С этого года с ума посходили, дикий поток! Везут и везут тысячами, спим в тесноте, как те сельди. Я вот думаю, если так хватают, что же там, на воле, должно происходить?

– А ничего не происходит. Первая пятилетка происходит. Пионеры происходят. В Москве парады. А слухи страшные ходят, что в Поволжье голод, доходит до людоедства, никто ничего толком не знает, говорить боятся, шепчутся только с оглядкой, перемигиваются… Мерзость! Жить противно, а как вспомню, что ты здесь, сердце готово из горла выпрыгнуть.

– Забываешь, значит… – Осоргин усмехнулся. Горечь прорезалась в складках лба.

Лина посмотрела на него ошарашенно.

– Да как у тебя язык повернулся…

– Прости, прости, родная. Я сам не в себе. Будто бес что-то крутит, крутит в моей голове, а что крутит – сам не пойму, только необычайное раздражение иногда накатывает. Я, чтобы отвлечься, прошлое вспоминаю. Чаще всего – Пасху 1918 года. Как вез на последней неделе поста тетю Машу из Ферзикова. Распутица тогда стояла необычайная, вода и хлябь, покуда глаз хватает. Ручьи журчат, жаворонки звенят, а день пасмурный, но теплый, насыщенный сыростью. Ехали на санях, но не по дороге, а стороной, выбирая снежные места. И в каждом следе копыт, в каждой полосе, оставляемой полозьями, рождался маленький мутный ручеек.

Ехали мы безнадежно долго, утомили лошадь, и наконец, миновав благополучно на Поливановском поле одно из самых трудных мест, я обнаглел, развеселился, поехал смелее и завез-таки тетю Машу, да так, что чуть не утопил и лошадь, и сани…

Лина слушала внимательно, но больше даже не слушала, а любовалась мужем. Осоргин опять разгорячился, заходил по комнате, размахивая руками.

– Пришлось распрягать, вытаскивать, мокнуть чуть не до бровей, словом, было совсем, совсем кулерлокально.

Еще вспоминается, как в Великую среду я кончил посев овса и, убрав плуг и борону, всецело взялся за камертон.

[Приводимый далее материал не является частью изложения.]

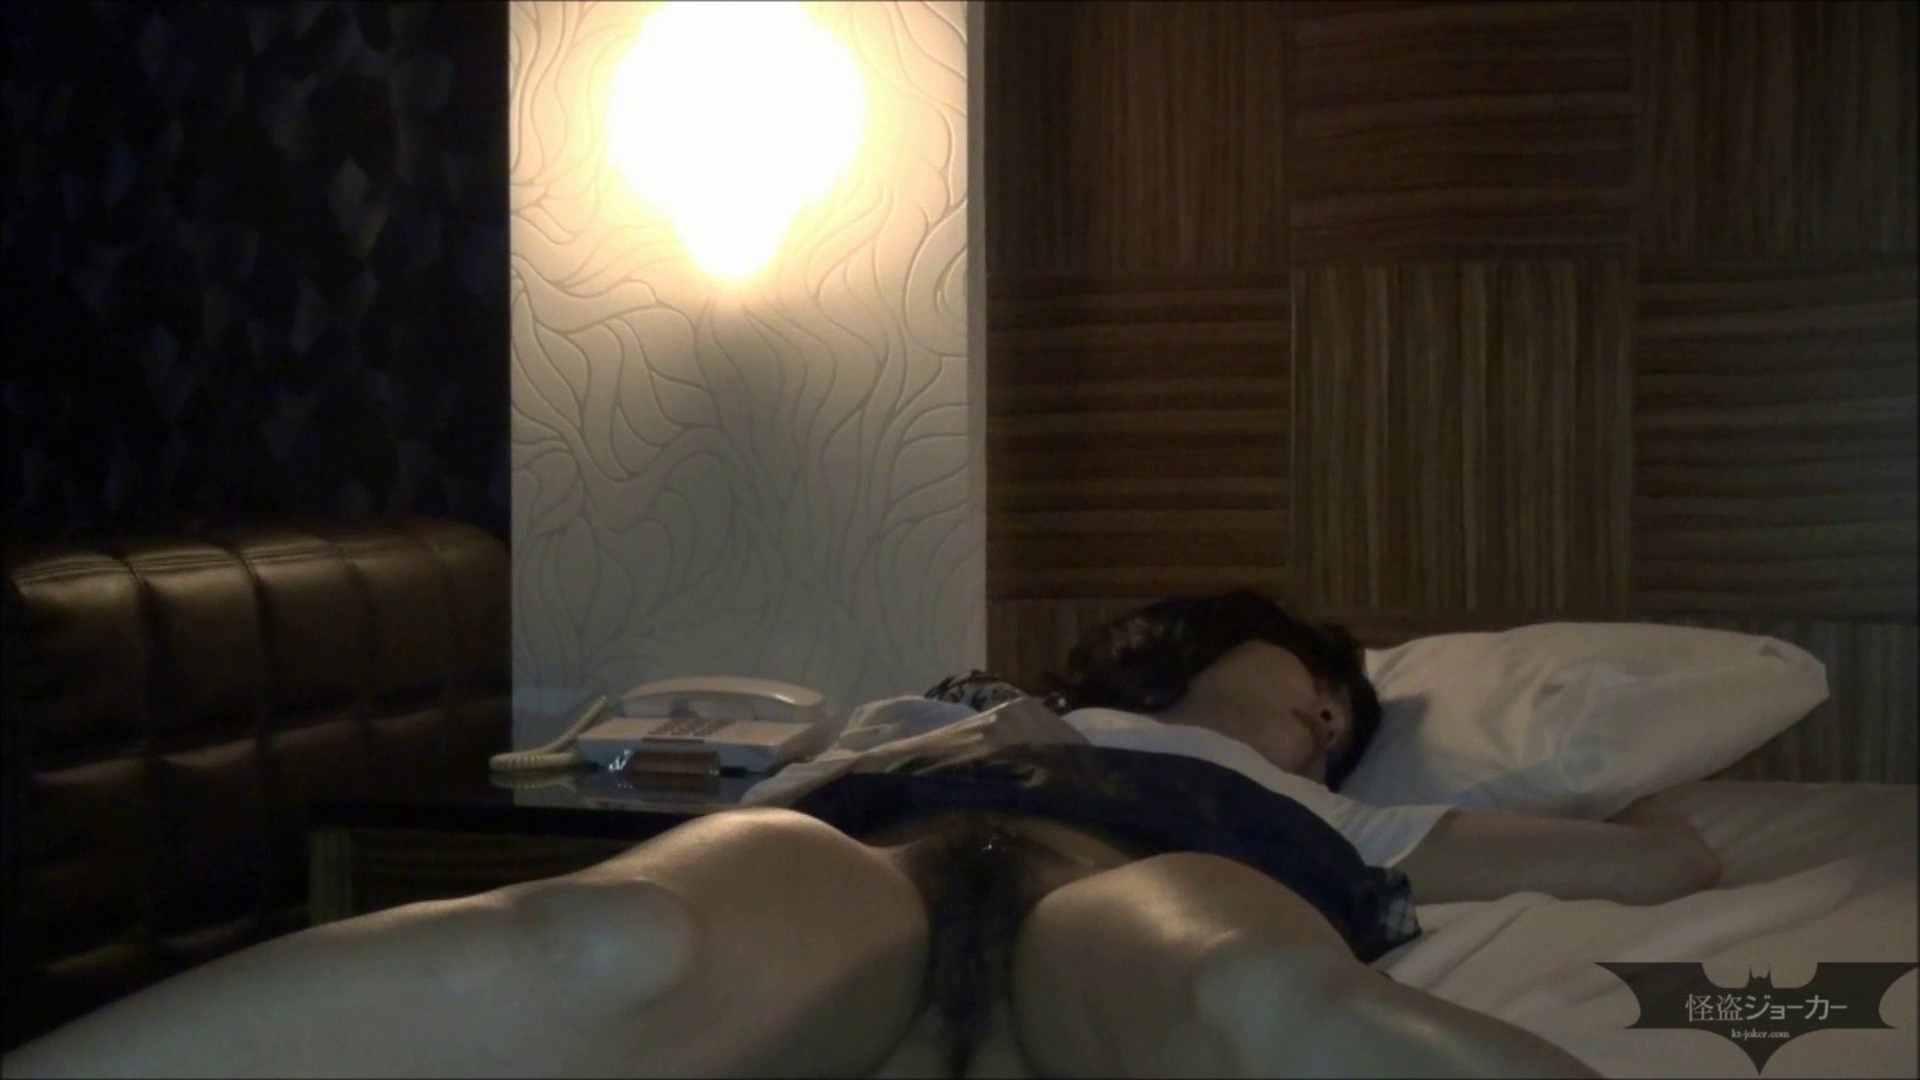 【未公開】vol.58【小春】私の子を孕んだ日・・・ 制服 おまんこ無修正動画無料 70連発 13

И тут началось то, что я никогда не забуду. Помню службу двенадцати Евангелий в нашей Сергиевской церкви! Помню замечательную манеру служить нашего батюшки! Уже десять лет, как он во время Пасхальной заутрени скончался, а до сих пор, когда слышу целый ряд мест из Евангелия, вспоминаю его взволнованный голос с такими в душу льющимися проникновенными интонациями. Прикрываю глаза и вижу, как возвышается среди церкви огромное Распятие с фигурами Божьей Матери и Апостола Иоанна по бокам, окаймленное дугой разноцветных лампадок. Пламя свеч колеблется, толпятся мужики, бабы осеняют себя крестным знаменьем… Если бы ты знала, Лина, что происходило тогда в моей душе! Это был целый переворот, какое-то огромное исцеляющее вдохновение… Не удивляйся, что я так говорю, я, кажется, ничего не преувеличиваю, только очень радостно вспоминать об этом. Я писал о том же дяде Грише, еще когда был в Бутырке… Не знаю, дошло ли письмо.

– И я не знаю. Мы переправили с оказией. Трубецкие сейчас в Париже.

Они помолчали. Георгий Михайлович присел на кровать, притянул к себе жену, положил руку ей на плечо. Без их ведома секунды заполнялись мерным спокойствием, теплом удивительной густоты.

– А что ты вспоминаешь?

– Кафе на Остоженке, где ты сделал мне предложение.

Они улыбнулись друг другу и воспоминаниям.

– С нами сидел твой брат Владимир с женой… Как ее…

– Елена. Из Шереметевых.

– Да-да, точно. Я краснел, мялся, как пятнадцатилетний мальчик, а Володя ничего не замечал…

– И тогда Елена опрокинула на себя чашку с чаем, как бы случайно. Они отошли…

– А я выпалил скороговоркой признание.

– Да, ты очень торопился…

– Ведь они могли вернуться в любой момент!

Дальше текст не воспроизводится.